Your assignment ->
Set down the lines below, exactly, starting at the one that contains "Awe-inspiring Photos Of" and stopping at the last line, inclusive. Omit pictures.

Data excerpt ->
>>>>>

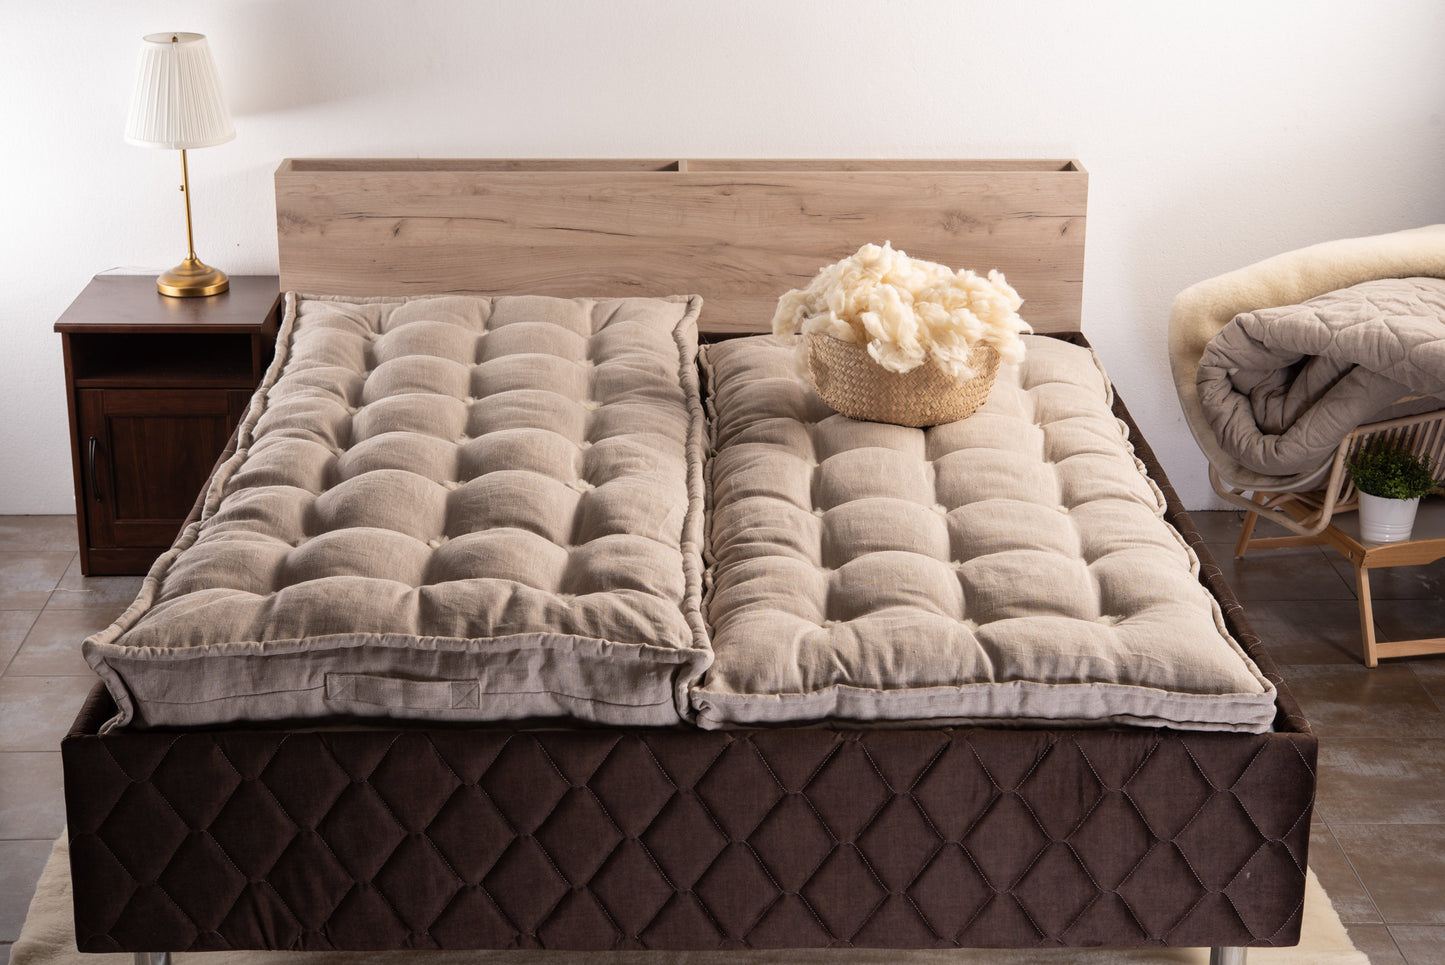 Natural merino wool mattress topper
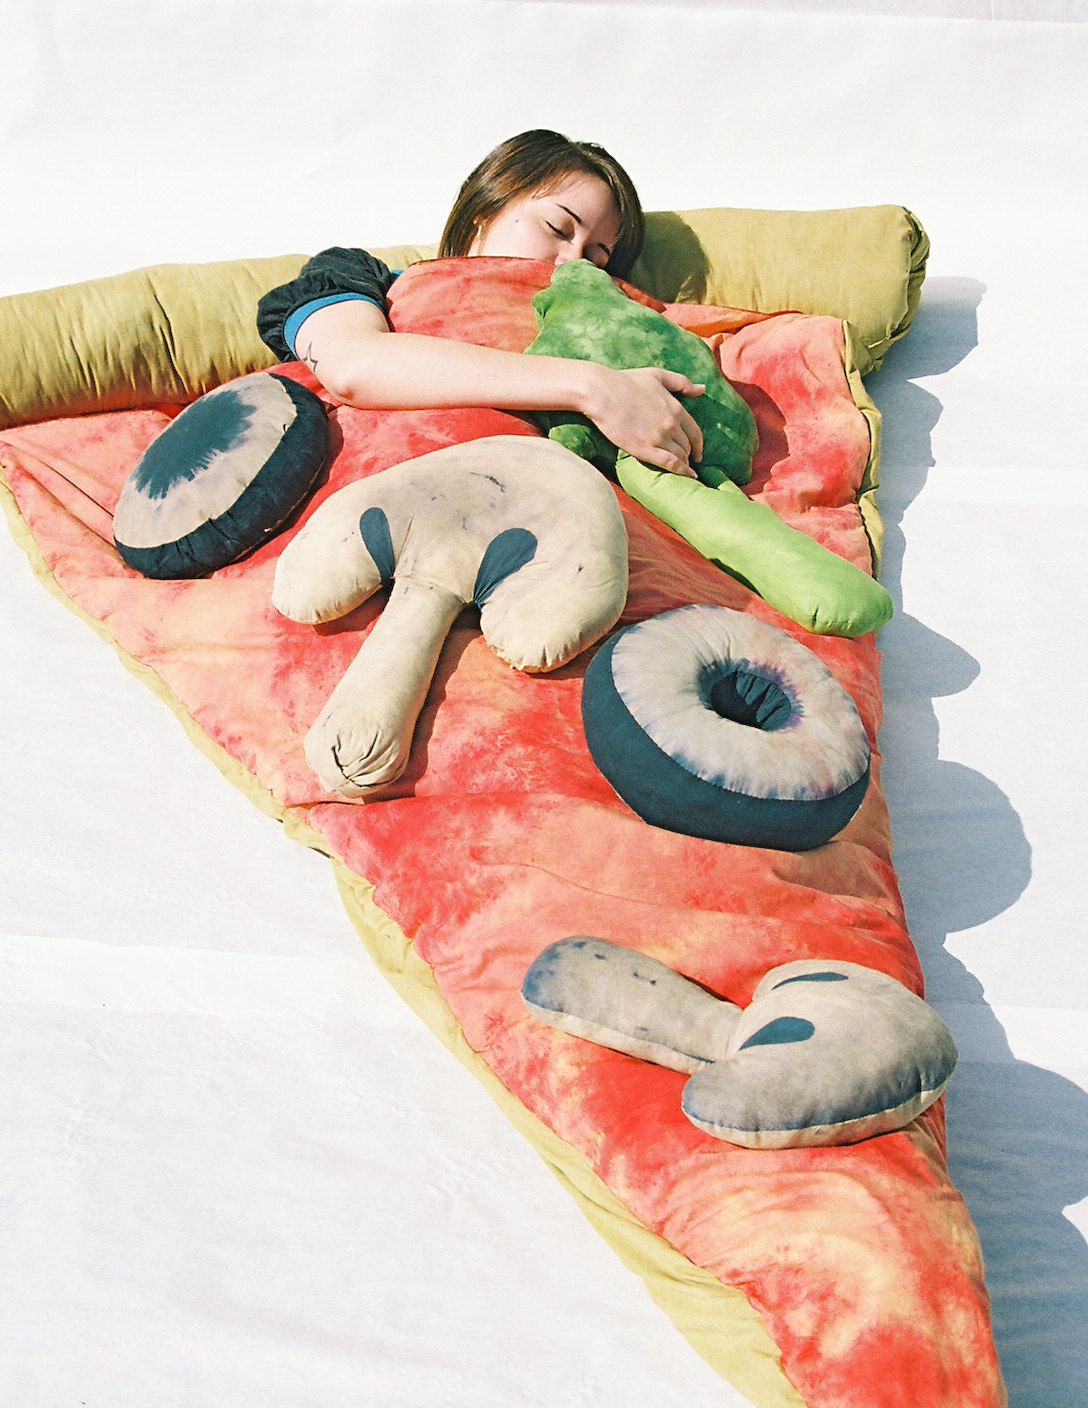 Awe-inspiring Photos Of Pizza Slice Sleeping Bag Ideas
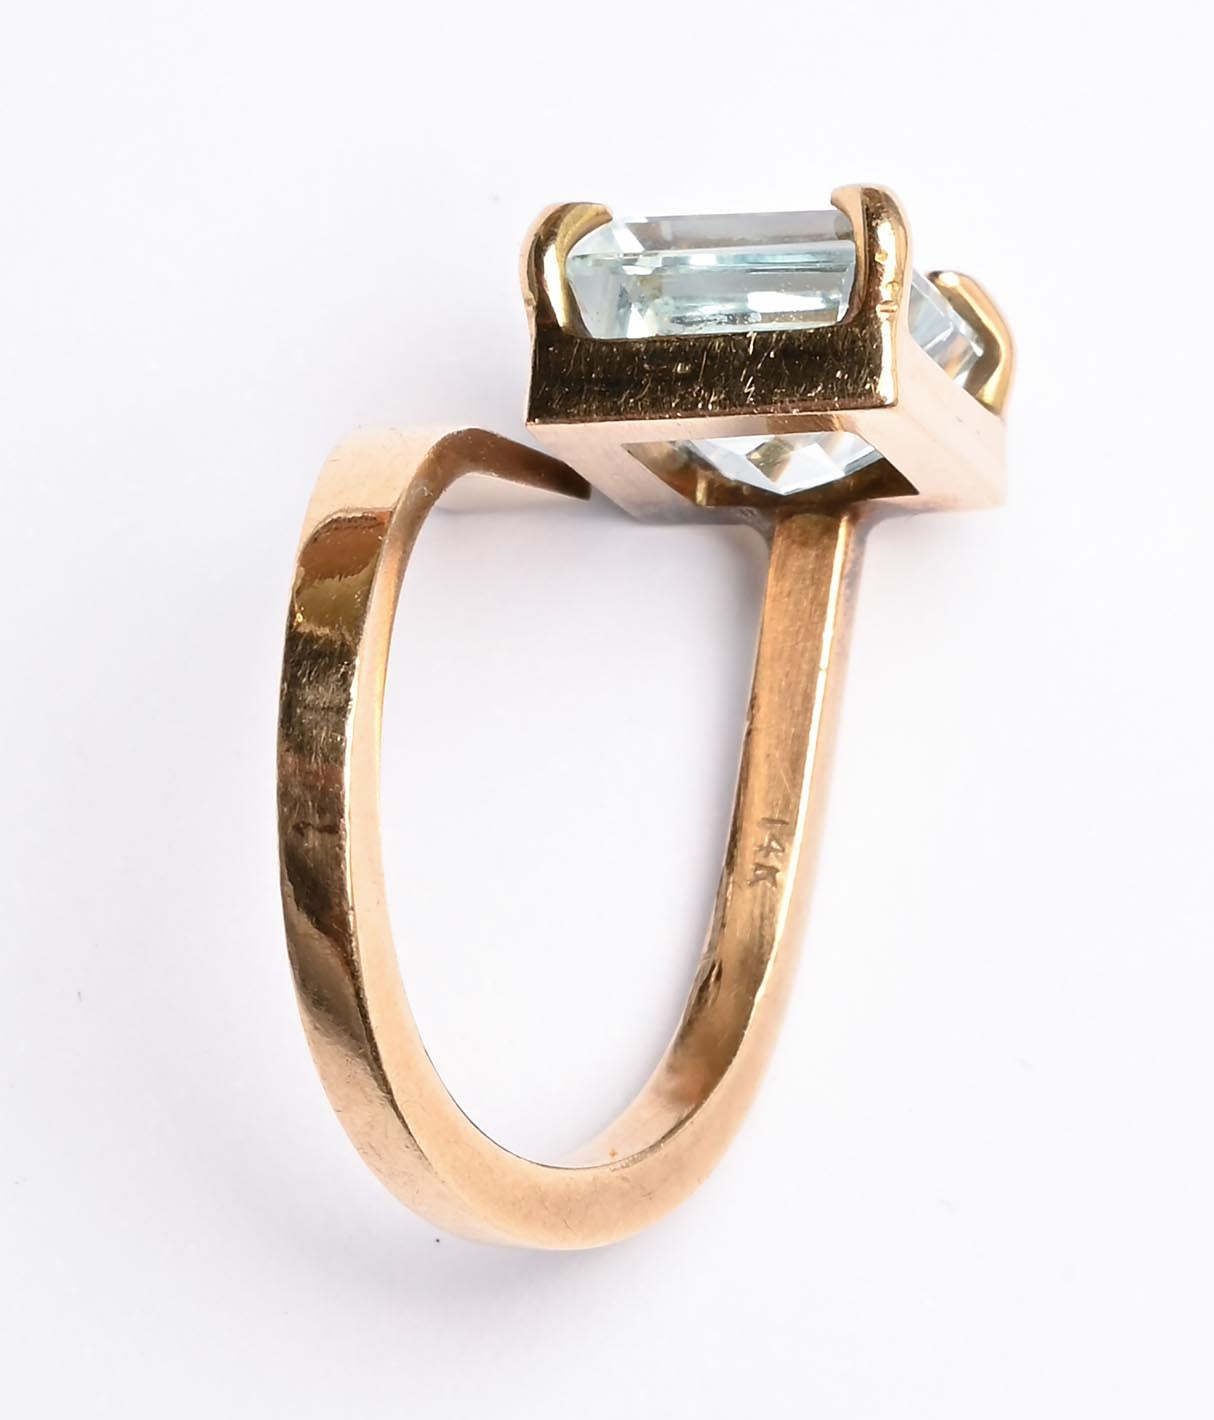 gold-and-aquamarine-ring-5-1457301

<<<<<

Exercise output ->
 Awe-inspiring Photos Of Pizza Slice Sleeping Bag Ideas
 gold-and-aquamarine-ring-5-1457301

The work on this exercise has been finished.